The official repository for Learned Sort, a model-enhanced sorting algorithm that was published in The Case for a Learned Sorting Algorithm.
Example:
#include "learned_sort.h"
int main(int argc, char *argv[]) {
// Generate some data
vector<double> arr = {...}
// Sort in ascending order
learned_sort::sort(arr.begin(), arr.end());
}
To get started, see Build instructions and Testing instructions.
This repository is organized as follows:
- The Learned Sort algorithm implementation in
include/learned_sort.h
- Benchmarking code in
benchmarks_driver.cc
- Unit testing code under
unit_tests/
- Dependencies under
third_party/
Learned Sort is distributed as part of a header-only library. Therefore, in order the use it, it is enough to include the header file in your code.
#include "learned_sort.h"
However, besides the Learned Sort implementation, this repository contains benchmarking and unit testing code. In order to execute those, follow the instructions below.
In order to build this project, you will need to have the following software installed in your system:
NOTE This repository has only been tested on GCC 9.3 and Clang 7.0.0 on Linux Ubuntu Focal (20.04 LTS).
# Clone this repository
git clone --recursive https://github.com/learnedsystems/learned-sort.git
# Change into the code directory
cd learned-sort
# Run the compilation script
./compile.sh
The build directory should now look like this:
/learned-sort
/build
/bin
/LearnedSort_benchmarks
/LearnedSort_tests
/...
/...
We use Google Benchmark to measure the running times for Learned Sort and other sorting algorithm baselines for comparison.

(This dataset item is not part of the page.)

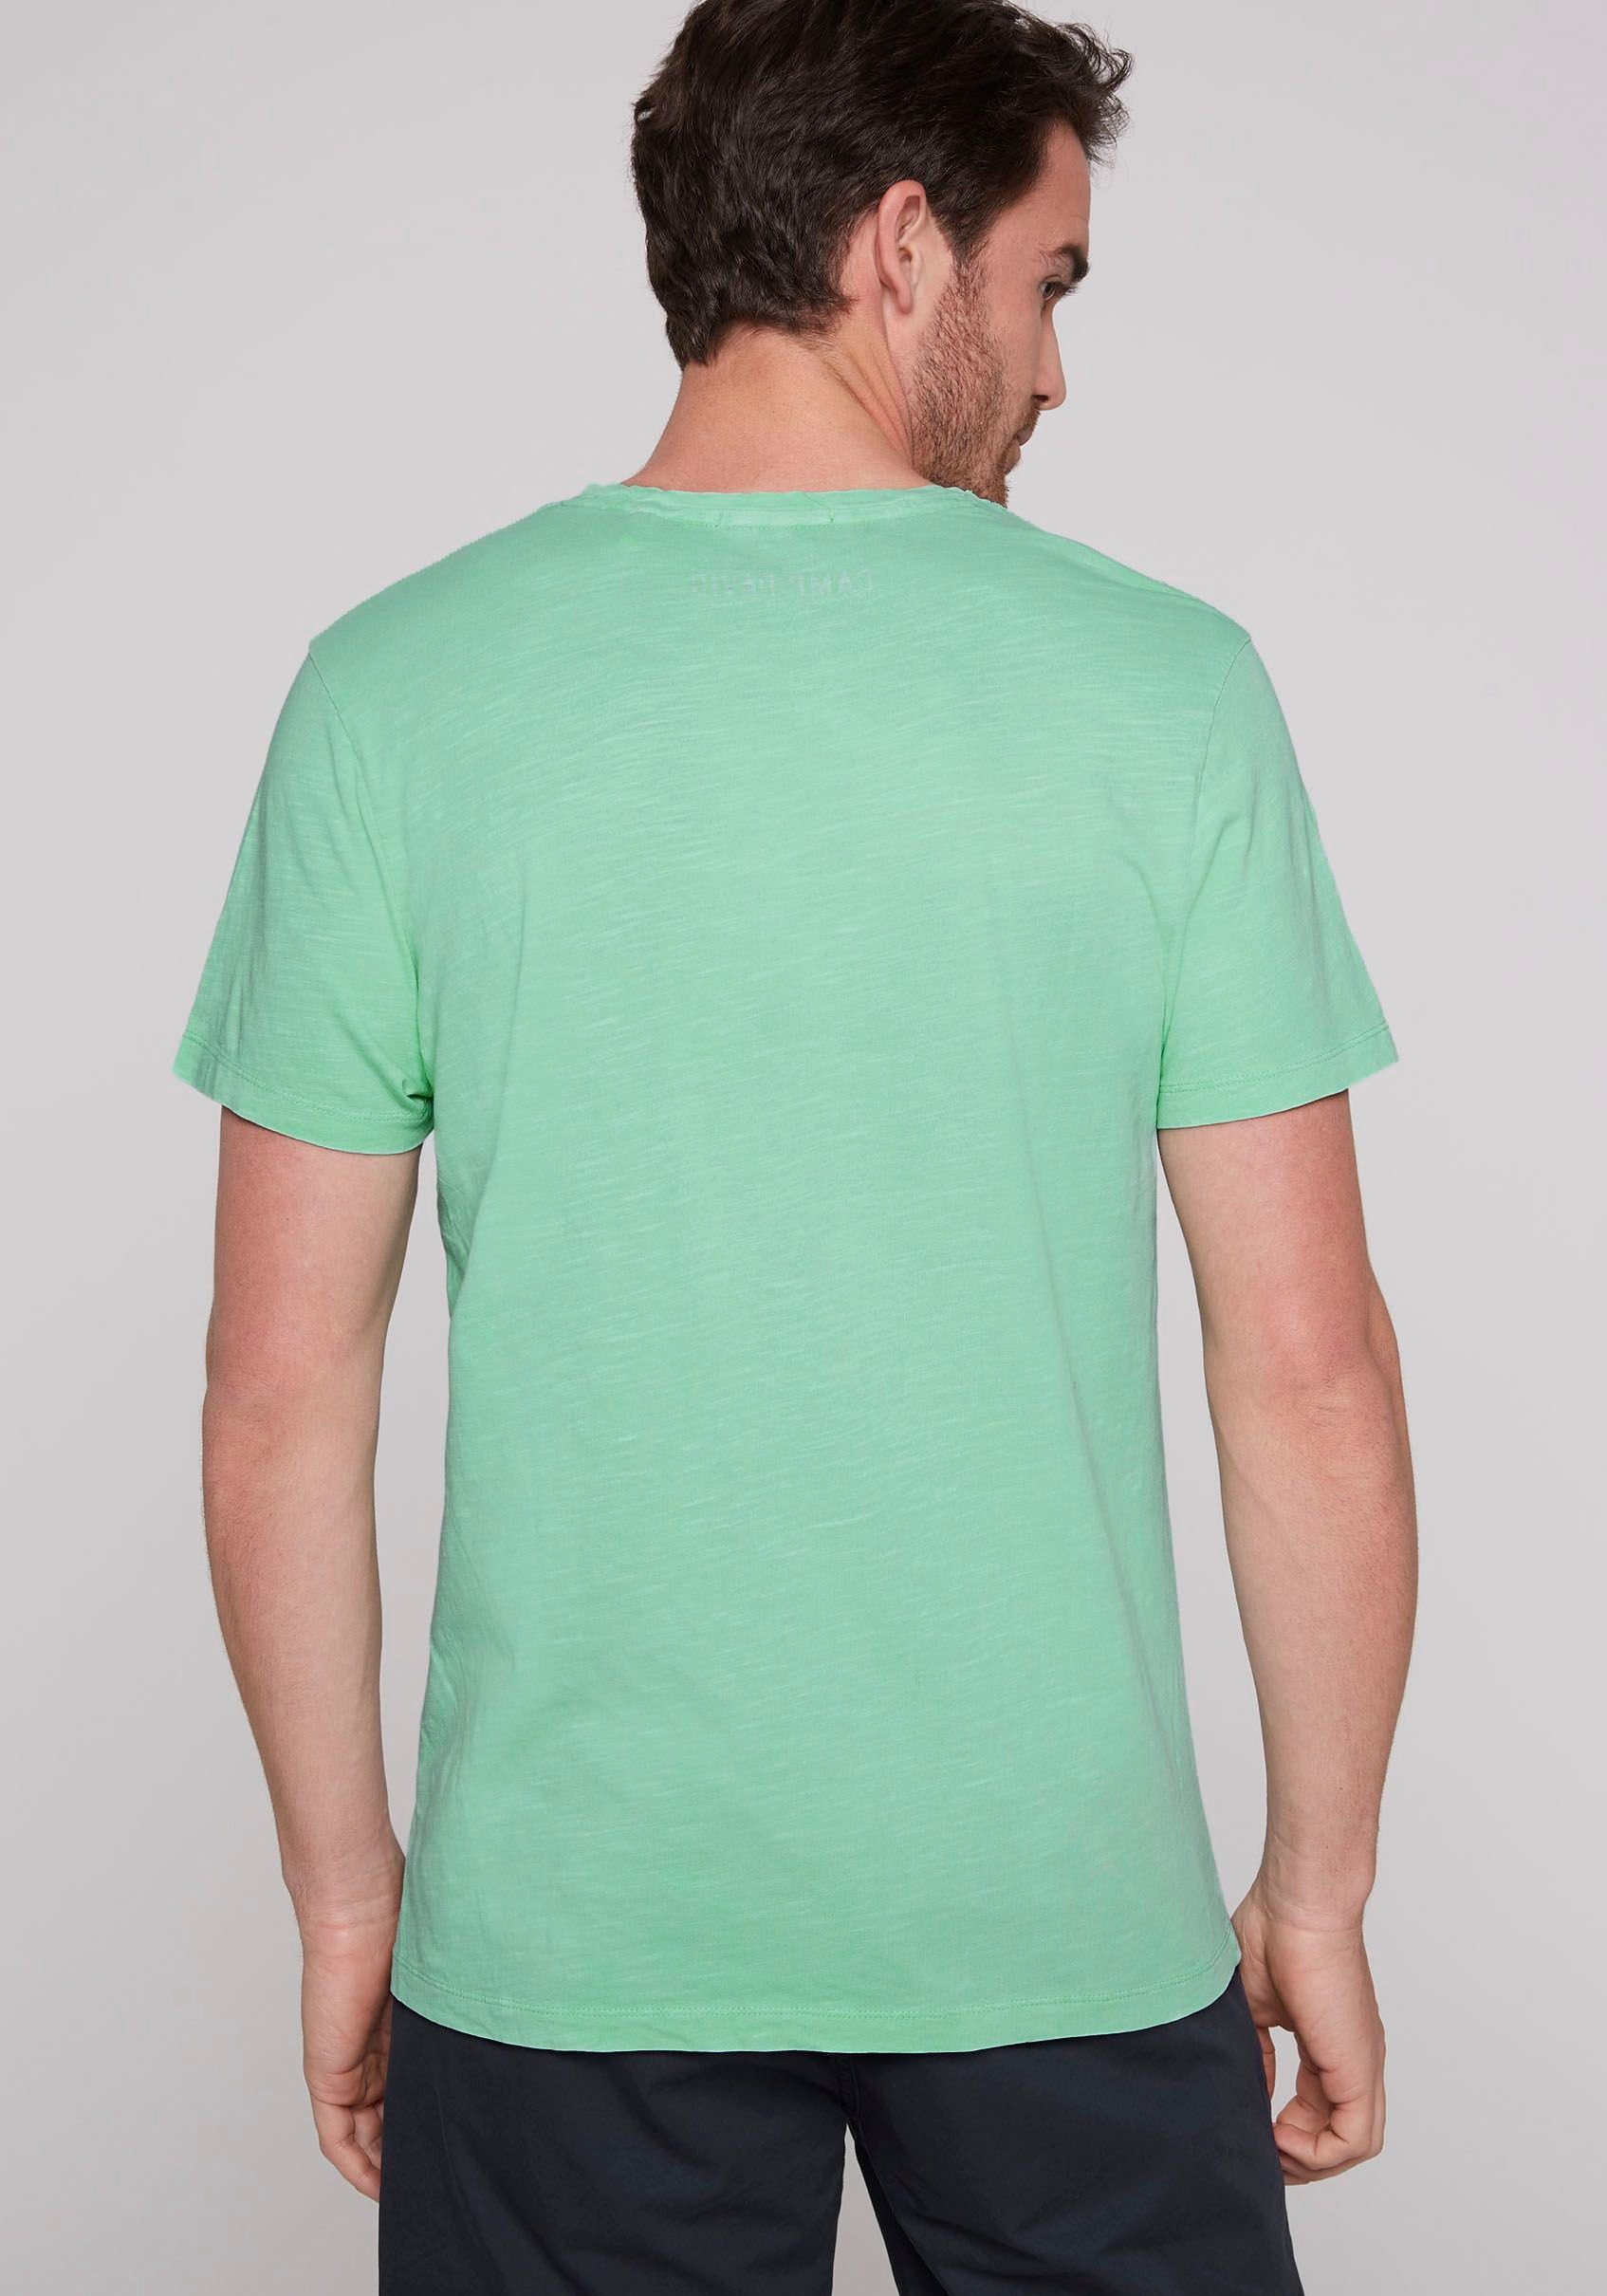 CAMP DAVID T-Shirt nordic green Logoprägung mit

The benchmarks will be run for various input size, and with enough iterations to provide a stable statistic.
The output will show the total running time (column "Time") and the time spent in the CPU (column "CPU") in milliseconds.
Each row displays the name of the algorithm that is being benchmarked, followed by the input size and statistic type.
The benchmark will repeat a few times (see run.sh
) and it will report the mean, median, and standard deviation of the measurements.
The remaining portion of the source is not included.